▶ The data
►
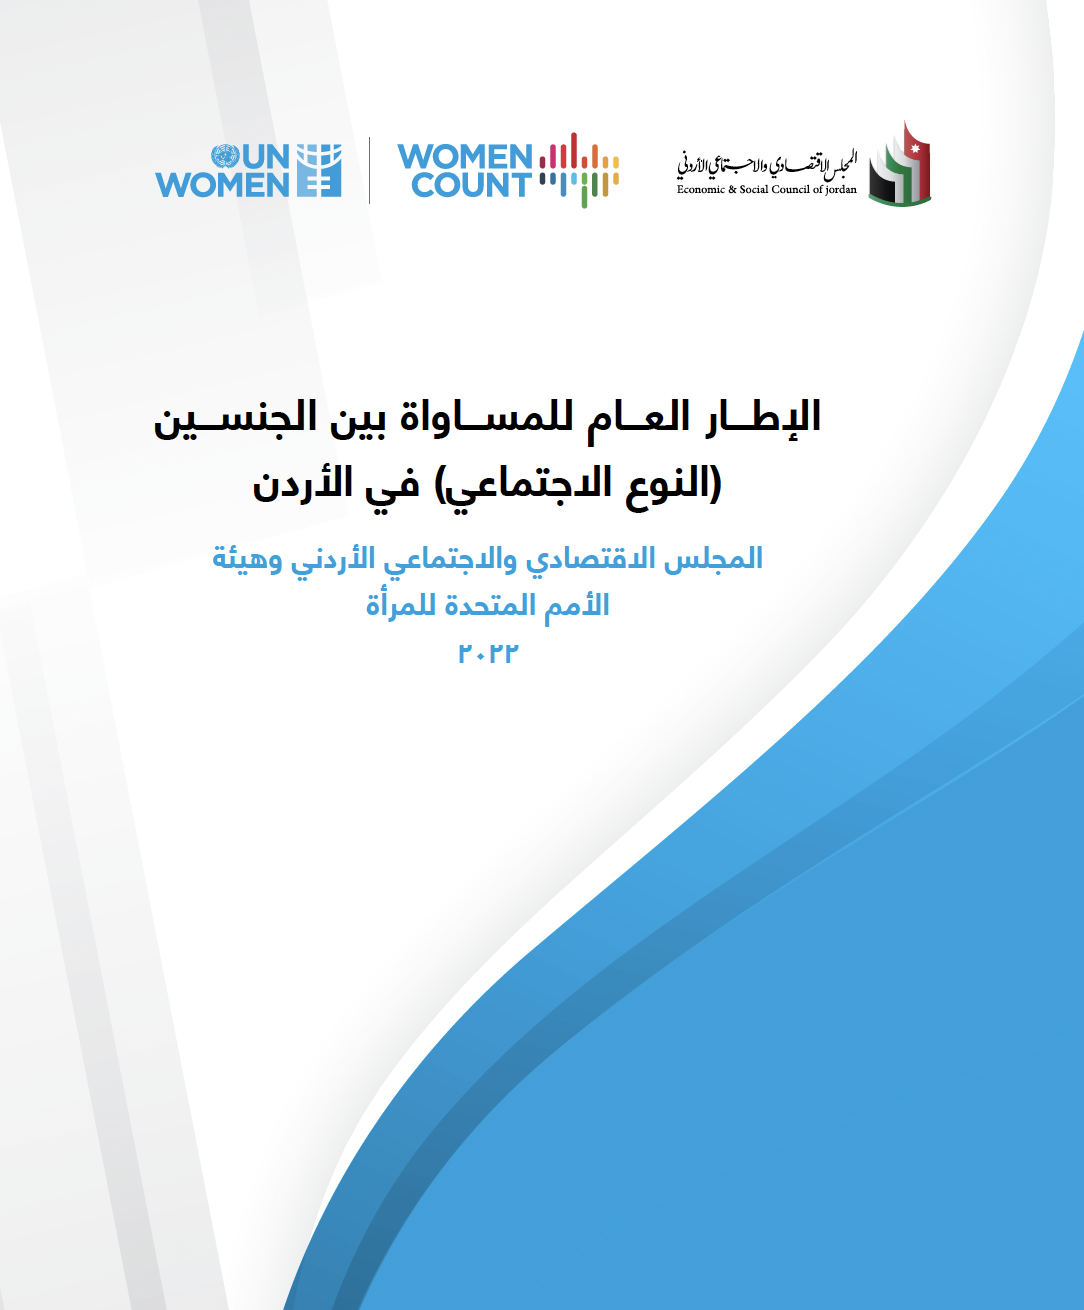 General Framework for Gender Equality in Jordan
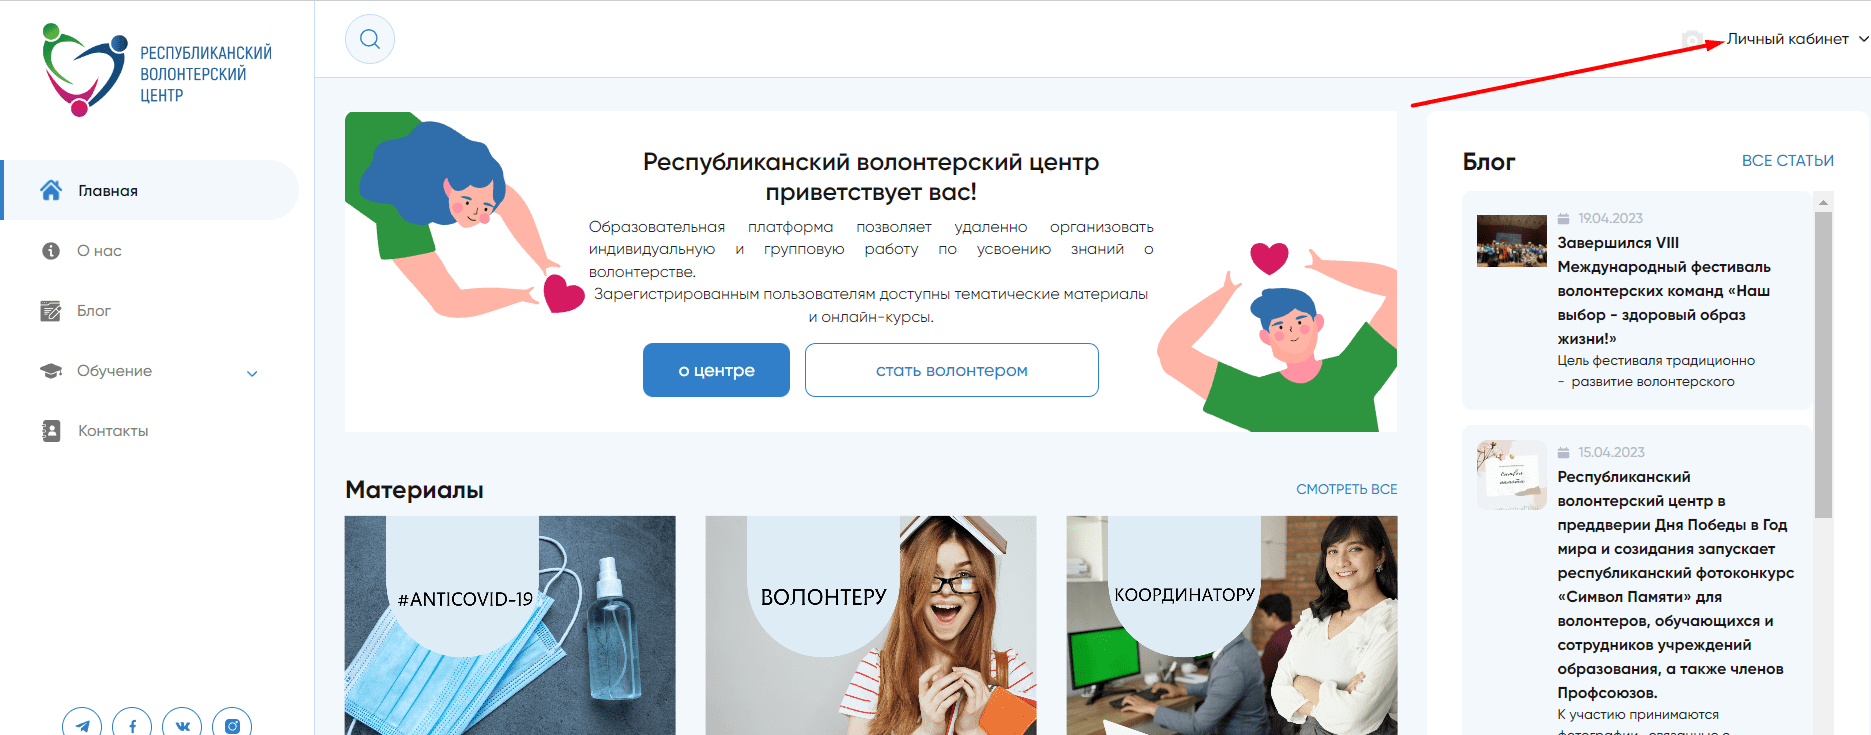 Республиканский волонтерский центр в Республике Беларусь (rvc.by) - официальный сайт, как стать волонтером
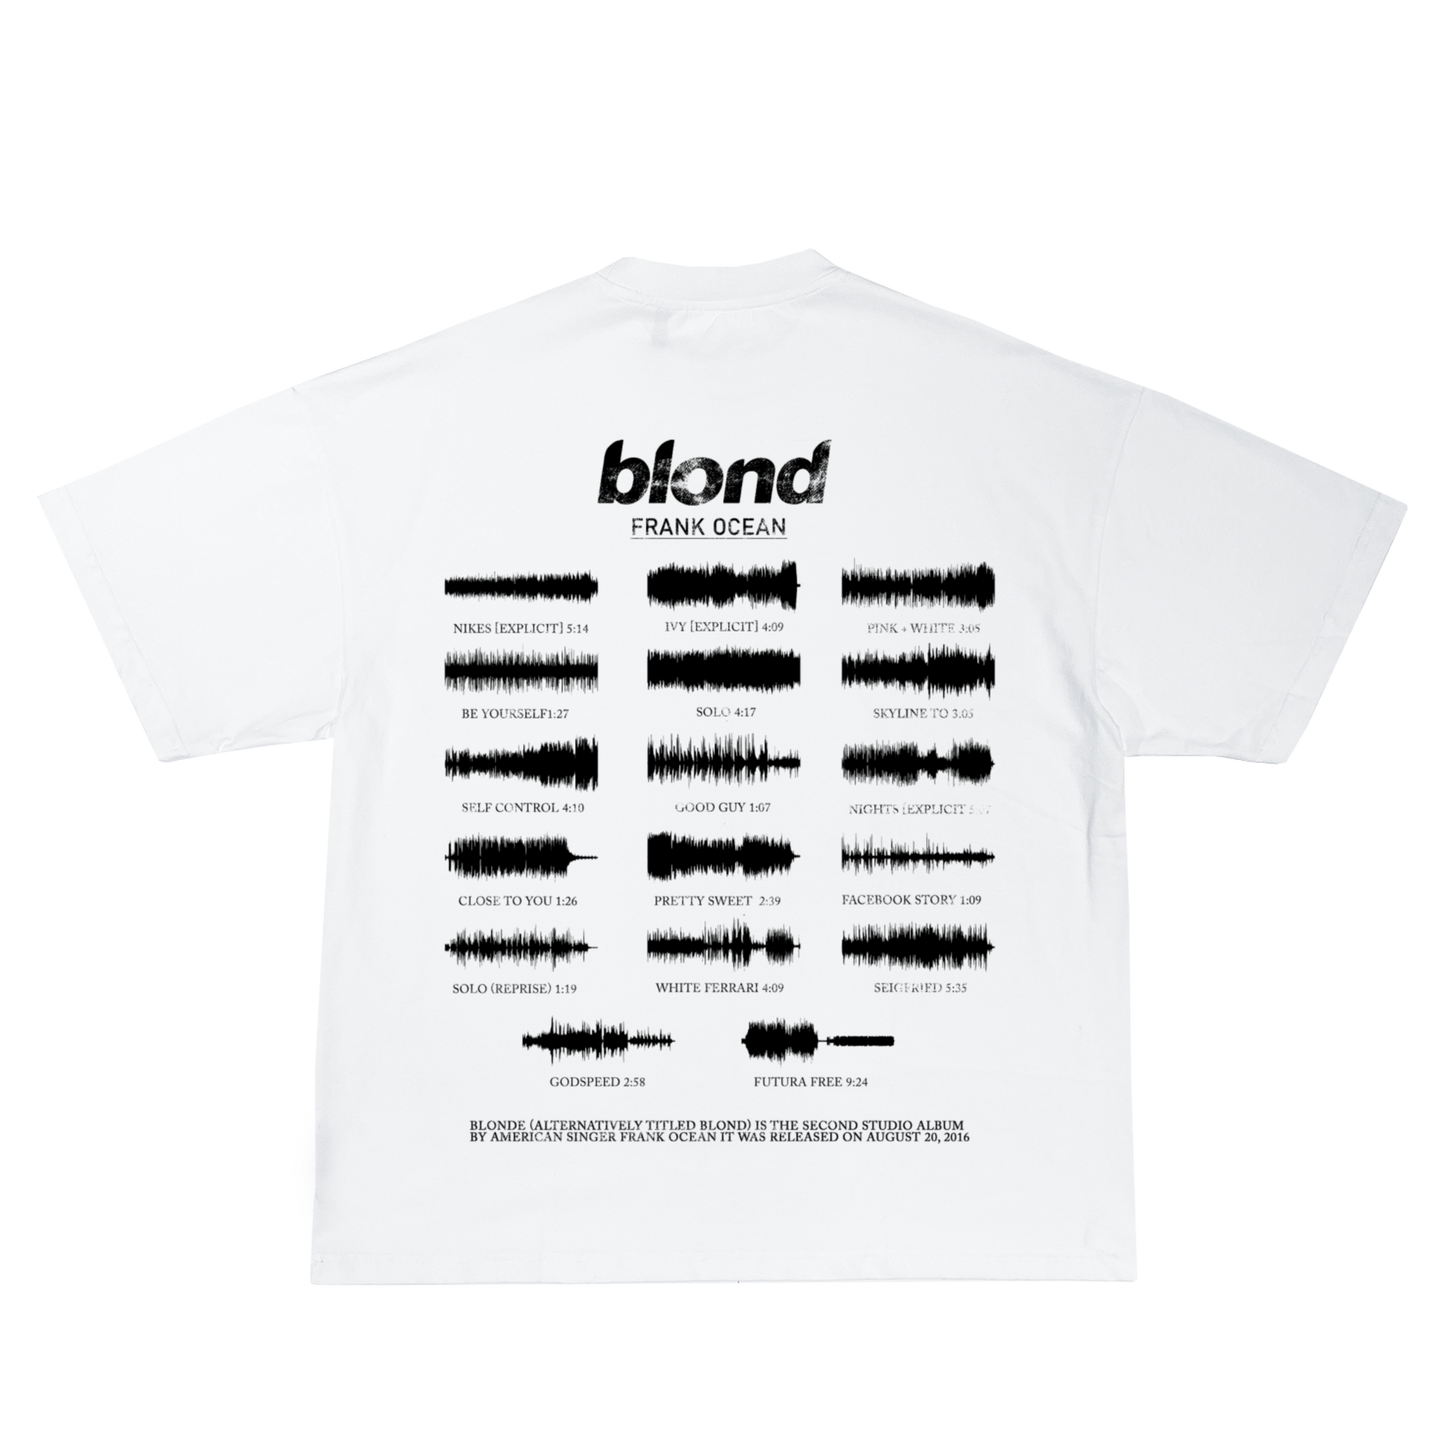 frank ocean blond shirt
◄
▶ Task
An exact reproduction of the data above is required, with every picture removed.

▶ Response area
 General Framework for Gender Equality in Jordan
 Республиканский волонтерский центр в Республике Беларусь (rvc.by) - официальный сайт, как стать волонтером
 frank ocean blond shirt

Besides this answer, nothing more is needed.